Then, to evaluate the robustness of MetaQ against algorithmic configurations, we performed ablation studies on the discrete codebook, the core design in MetaQ for metacell assignments. Specifically, in addition to randomly initializing codebook entries by default, we experimented with two alternative initialization strategies, namely, Kmeans52 and geometric sketching53. As shown in Fig. 6f, MetaQ maintains stable performance across different initialization strategies and random seeds. Supplementary Figs. 12b and 12c demonstrate that MetaQ performs consistently under both cosine and Euclidean distance measures between cell embeddings and codebook entries. Additionally, we conducted a parameter analysis on the momentum used in updating the historical codebook entry usage in Eq. (11). Fig. 6g illustrates that MetaQ is stable across momentum values ranging from 0.85 to 0.95 (with 0.9 as the default setting). However, when the momentum deviates significantly from this range, either toward lower or higher values, the entry usage update becomes too frequent or infrequent, hindering proper adjustment of over-large and over-small entries and ultimately resulting in degraded performance.

Lastly, as MetaQ requires manually setting the target metacell number, we provide a practical guideline for selecting an appropriate metacell number. Since MetaQ makes consistent metacell assignments across different reduction rates, we recommend simply setting the metacell number to achieve a common 50-fold or 100-fold reduction when using MetaQ in practice. To find a more precise estimation of the metacell number that balances data compression and information preservation, we tested metacell numbers ranging from 50 to 1000 and tracked three algorithmic metrics, namely, the proportion of the original (LNB/LPois) to the quantized (\({L}_{\hat{{{\rm{NB}}}}}\)/\({L}_{\hat{{{\rm{Pois}}}}}\)) reconstruction loss (referred to as reconstruction proportion), the difference in similarity between cells’ closest and second-closest codebook entries (referred to as similarity difference), and the codebook loss (LC). In parallel, we recorded two metacell quality metrics, including metacell purity and balanced accuracy, by assigning each original cell the majority cell type of its corresponding metacell. In addition to the discrete thyroid cancer data, we applied the same evaluation to the continuous bone marrow data. Subsampling was applied to the thyroid data to keep the original cell number consistent between the two datasets. As depicted in Supplementary Fig. 12d, the metacell quality improves progressively with the metacell number on both datasets. Notably, the thyroid cancer data, being more discrete, requires fewer metacells (~400) to reach the balanced accuracy plateau compared to the bone marrow data (~600), likely due to the greater diversity of cells along the continuous developmental path in the latter. Supplementary Fig. 12e indicates that compared to the codebook loss, the reconstruction proportion and similarity difference exhibit stronger correlations with metacell purity and balanced accuracy. Given that the reconstruction proportion tends to increase continuously with the number of metacells, we recommend first plotting the trend of similarity difference against the metacell number, and then selecting the point at which the decline in similarity difference plateaus as a more precise estimation.

Discussion

Towards the rapidly increasing volume of sequencing data, metacell methods provide a promising solution to reduce the computational burden by aggregating biologically similar cells. However, existing metacell algorithms, despite their intended purpose of alleviating computational complexity, are themselves computationally demanding and struggle to handle large-scale data. Essentially, these methods shift the computational bottleneck from downstream analysis to the metacell inference stage, sidestepping rather than ultimately solving the core issue.

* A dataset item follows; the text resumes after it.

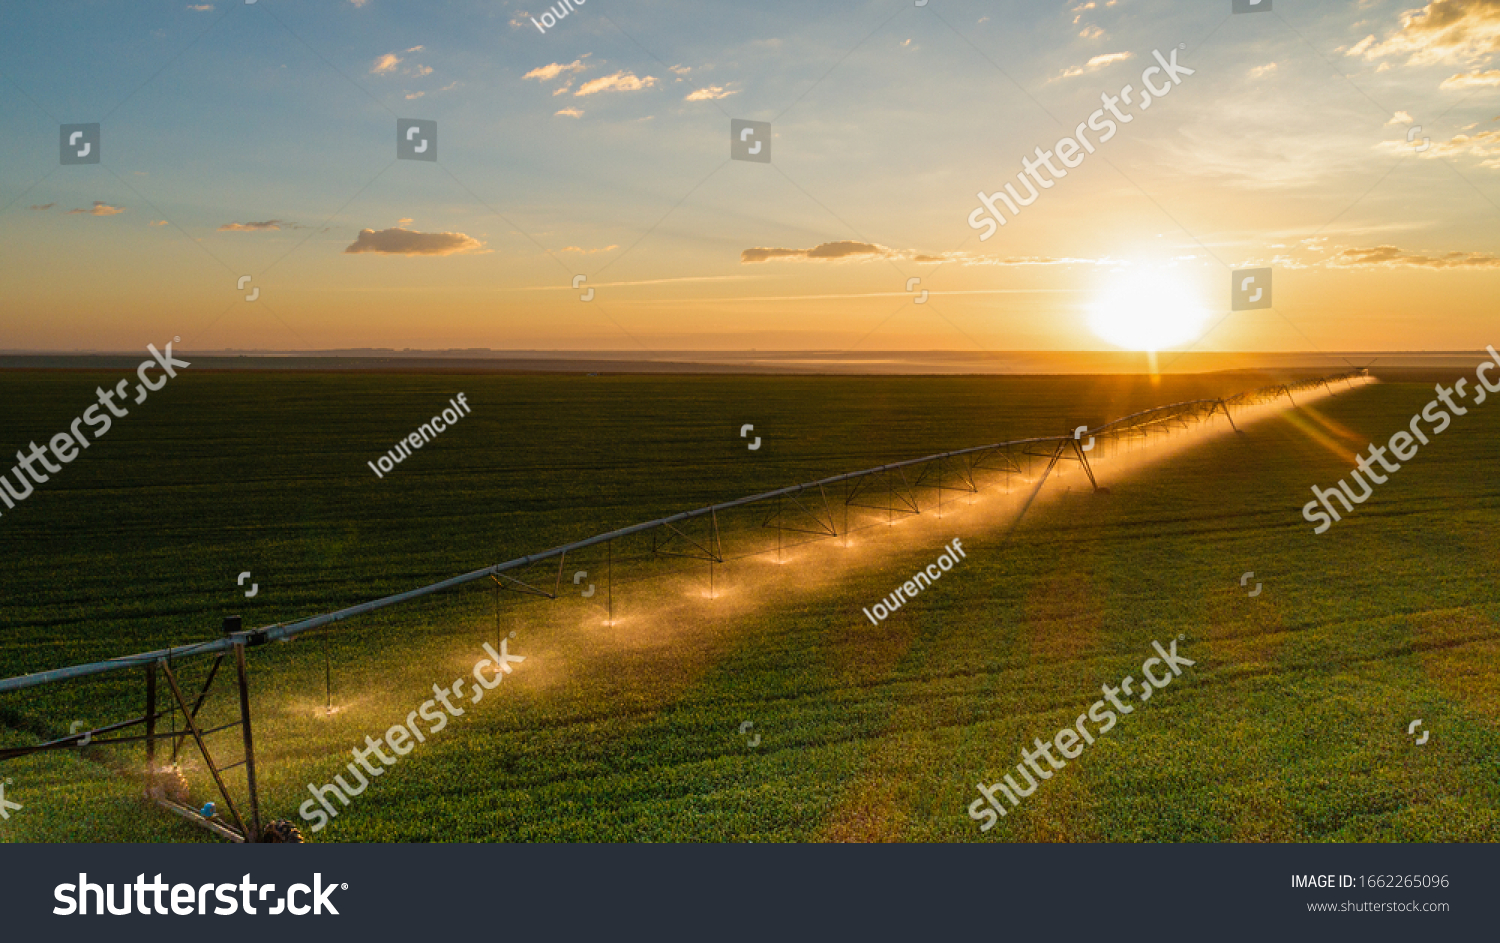 Agriculture - Aerial image, Pivot irrigation used to water plants on a farm. sunset, circular pivot irrigation with drone - Agribusiness #1662265096

MetaQ is a metacell algorithm that scales to arbitrarily large datasets, with linear time and constant memory costs relative to the cell number. Such superior efficiency and scalability set MetaQ apart from existing methods that suffer from exponential time or memory complexity. For instance, MetaQ achieves about 100 times speedup and 50 times memory savings when processing 100,000 cells, compared to the most competitive baseline SEACell.

The design of MetaQ is motivated by the cell differentiation process in multicellular organisms. Specifically, we conceptualize each metacell as a collective ancestor of a subgroup of specialized cells, which can thus effectively derive the latter. Following this idea, MetaQ employs a generative single-cell quantization approach to identify homogeneous cell subsets for metacell inference. Powered by the feature extraction capabilities of deep neural networks, MetaQ could precisely capture biological states, resulting in accurate and prototypical metacell construction. Extensive experiments demonstrate that even with significantly reduced computational complexity, MetaQ still achieves comparable, and in most cases slightly better, performance than existing metacell algorithms across various downstream tasks, including cell type annotation, developmental trajectory inference, batch integration, clustering, and differential expression analysis.

While current metacell algorithms are all designed for uni-omics data, MetaQ could easily extend to paired multi-omics analysis thanks to its simple yet effective design. By requiring the quantized cell embeddings to reconstruct all modalities, MetaQ is able to infer metacells for each modality while preserving pairing information. Such native support for multi-omics analysis aligns with the evolving capabilities of sequencing technologies, which increasingly enable simultaneous profiling of single cells across multiple layers.

Regarding the stability and generalizability of MetaQ, we simplified its hyper-parameters to avoid laborious tuning across different datasets. In this study, we fixed parameter configurations in all experiments and found that MetaQ consistently achieves promising results. In other words, users only need to specify the target number of metacells. Additionally, guidance on estimating the appropriate number of metacells is provided to facilitate practical application.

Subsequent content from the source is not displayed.